Или вот другой пример — Spotify. Не знаю, как у вас, но в Великобритании вы не можете искать музыку по названию лейбла, году релиза, стране или региону — только по названию песни или исполнителю. Spotify за тебя решает, что тебе порекомендовать. И перспектива всё сужается: больше нет выбора. И в этом мне видится основная проблема.

— Для проекта ReComposed ты устроил такие символические похороны, объясняя это прощанием с музыкой, со звуком в привычном понимании. Ты уже знаешь, какими должны быть новые музыка и звук?

— Хотелось бы ответить «да»… Ну, то есть я верю, что музыка движется куда-то в том направлении, о котором я рассказываю в фильме — музыка из звуков протестов в России, истребителей в Сирии, звуков падающих деревьев, извергающихся вулканов, криков при родах. Но на самом деле нет, у меня нет ни малейшего понятия.
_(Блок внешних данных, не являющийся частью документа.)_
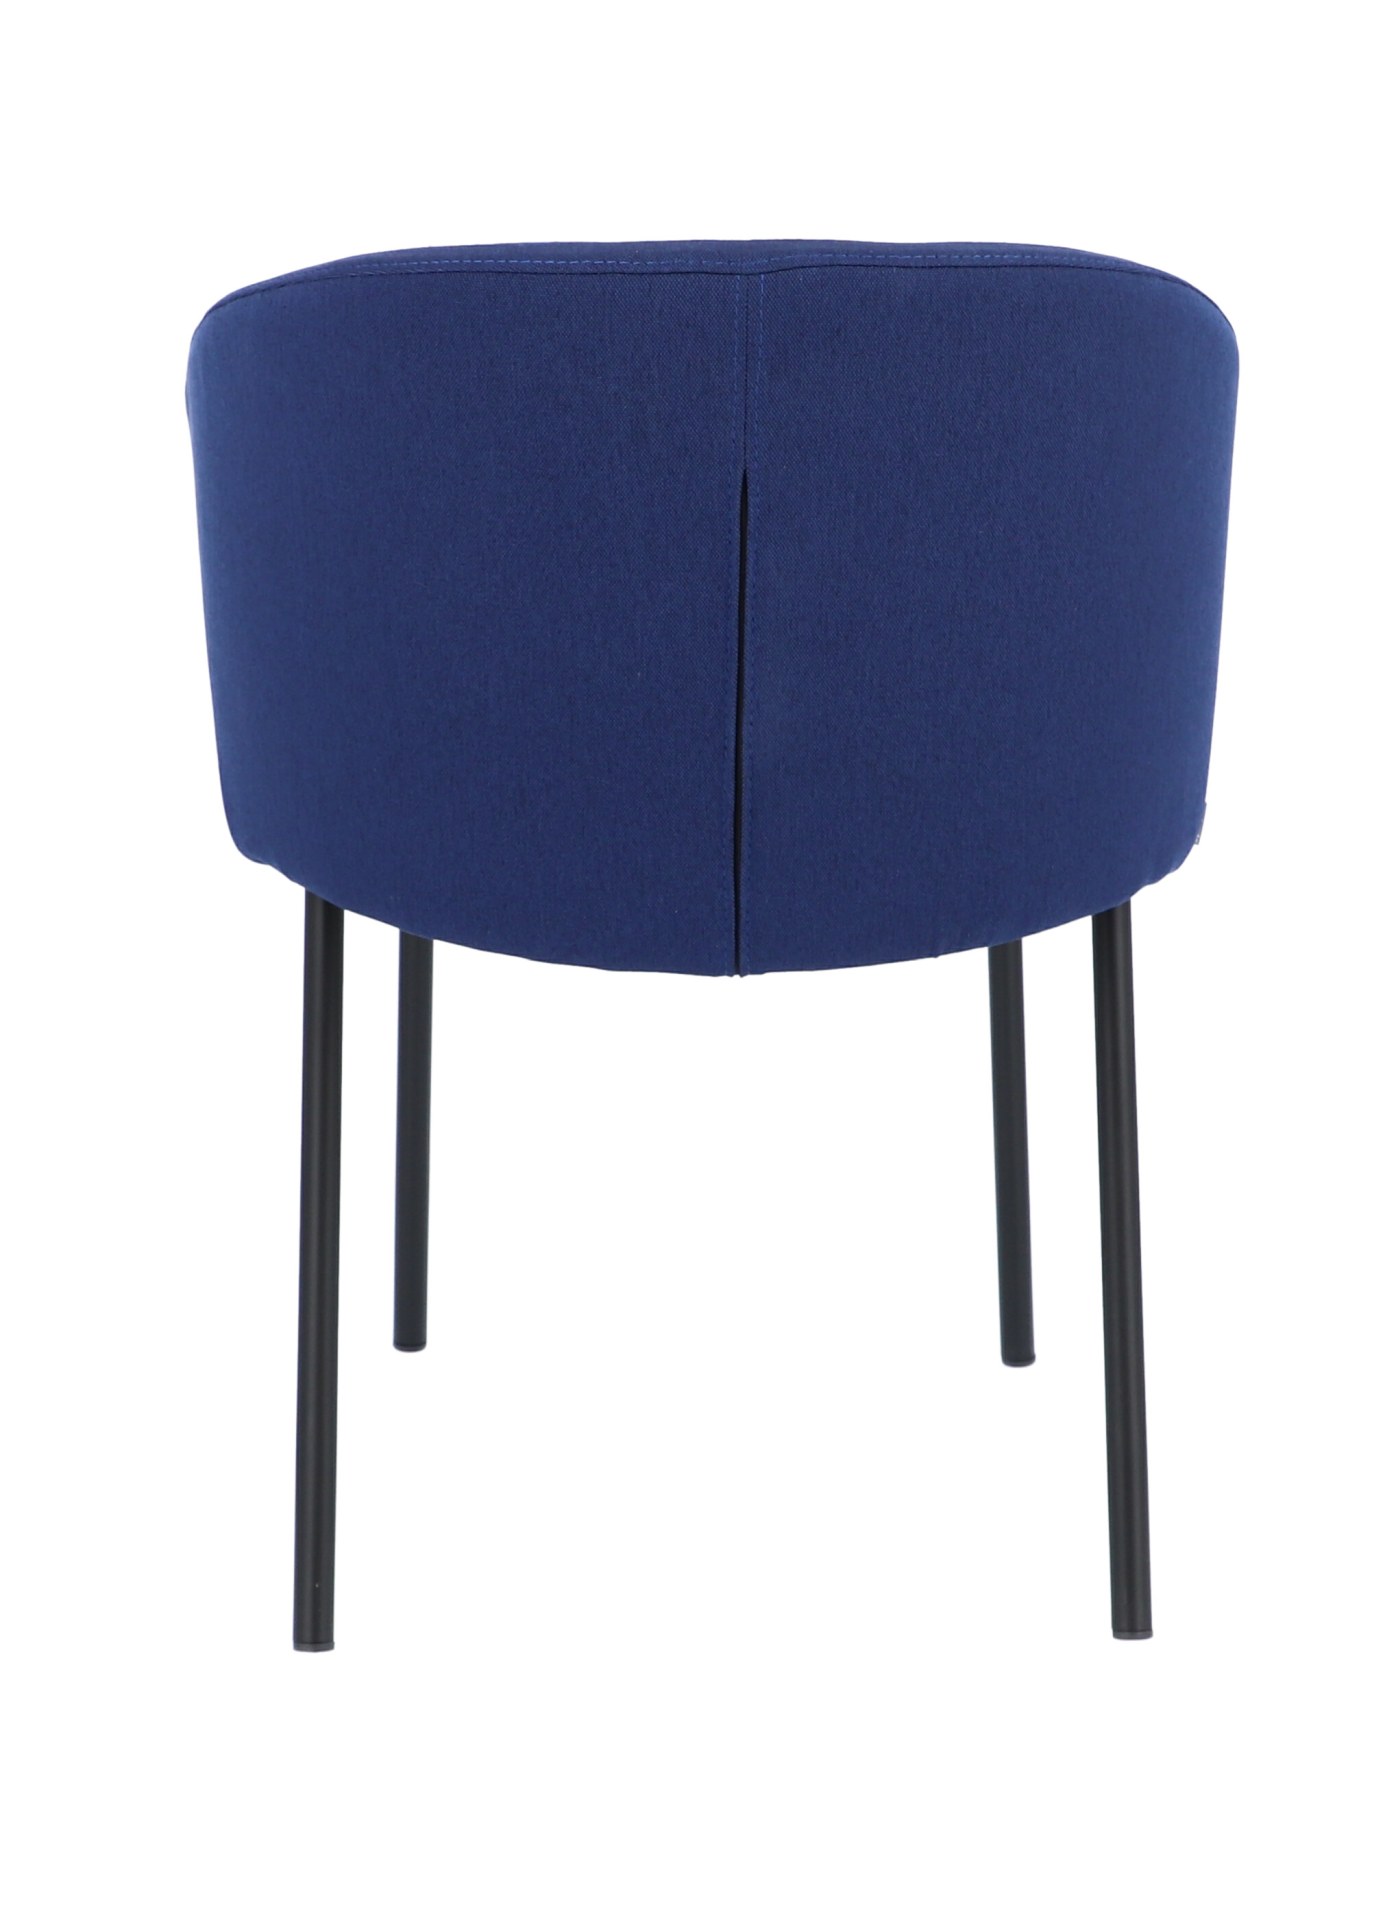 Der moderne Stuhl Mila wurde aus einem Metall Gestell hergestellt. Die Sitz- und Rückenfläche ist aus einem Stoff Bezug. Die Farbe des Stuhls ist Blau. Es ist ein Produkt der Marke Jan Kurtz.
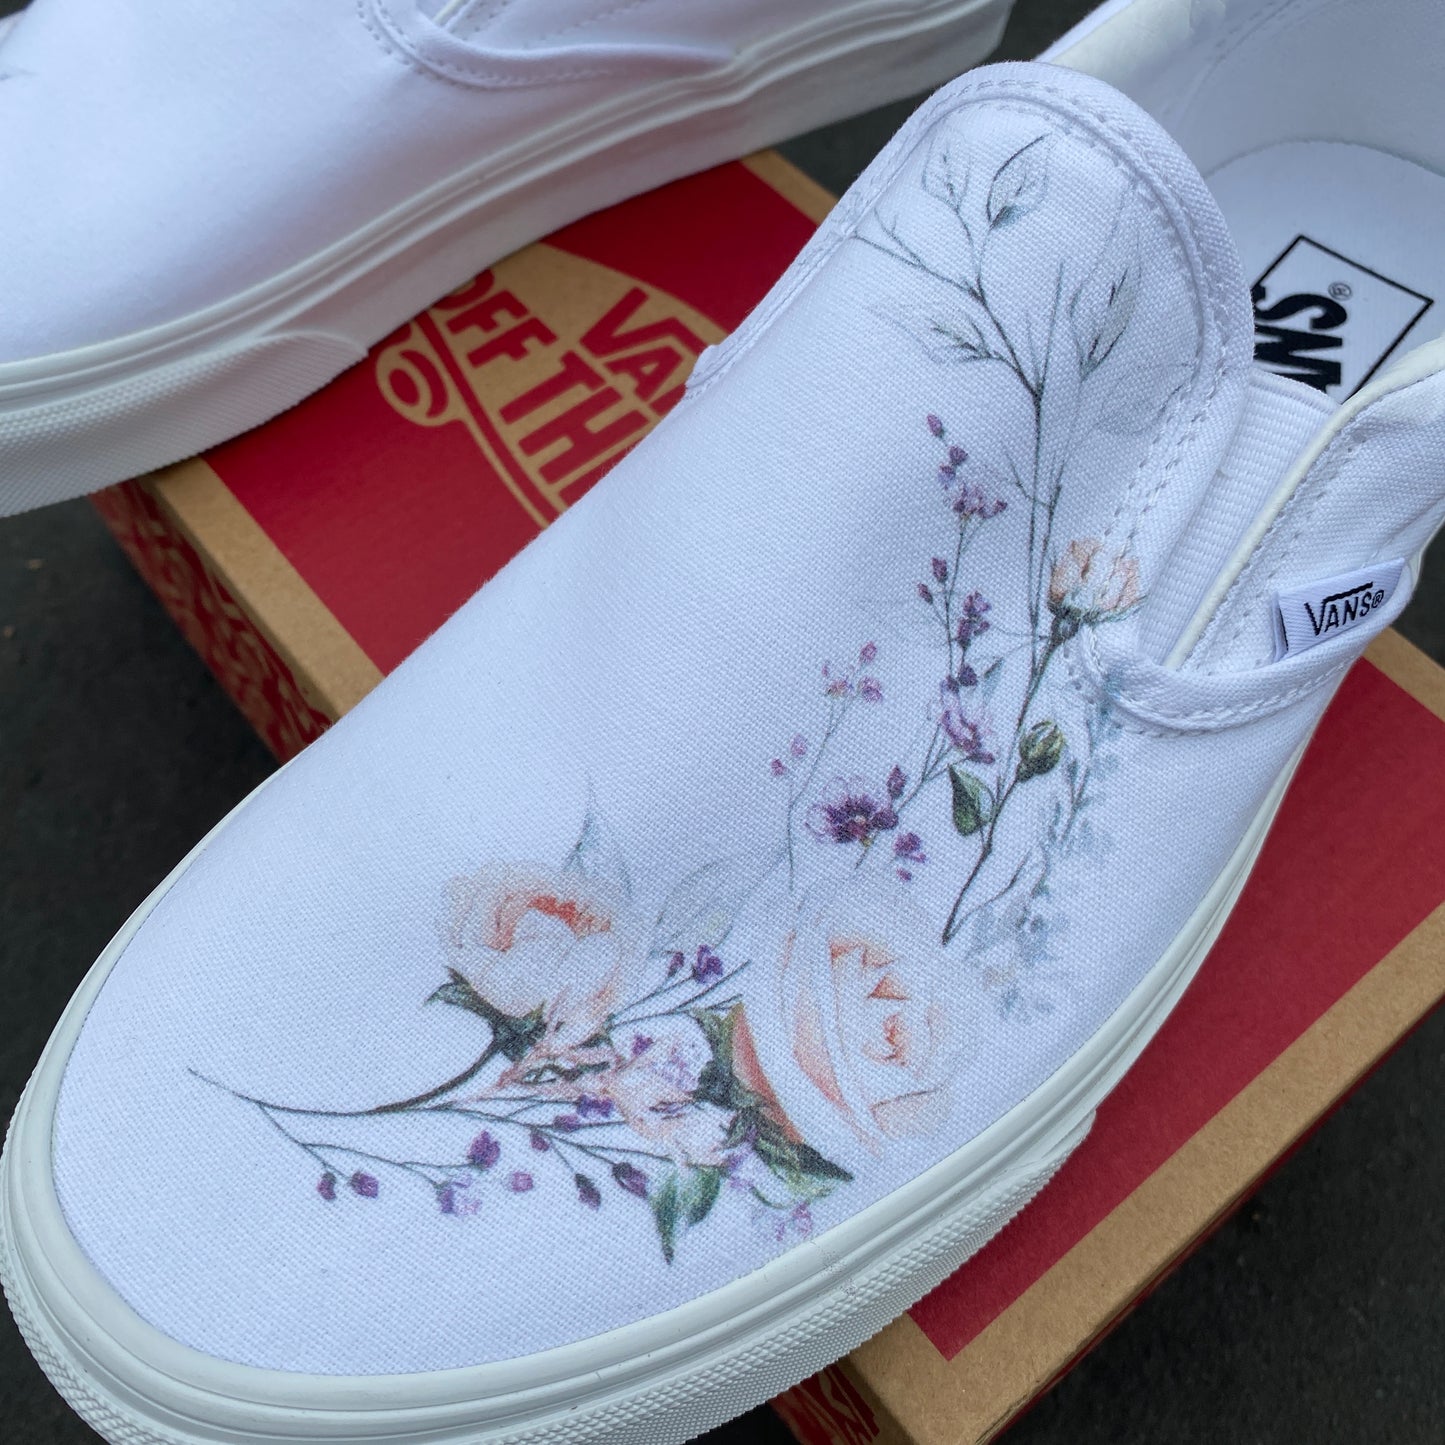 Flower Wreath Slip Ons - Custom Vans Shoes

Это как пытаться объяснять дабстеп Бетховену — невозможно.

Ты не можешь мечтать о пингвине до тех пор, пока не увидишь пингвина. Возьмем пианино — Бетховен играл на том же самом инструменте, что и Телониус Монк, но понадобилось 200 лет, чтобы понять, что на пианино можно играть джаз, и еще какое-то время, чтобы признать статус жанра. Но это был один и тот же инструмент! Какие современные инструменты через 200 лет люди будут использовать так, как мы не можем себе вообразить? Об этом у нас пока нет вообще никакого представления.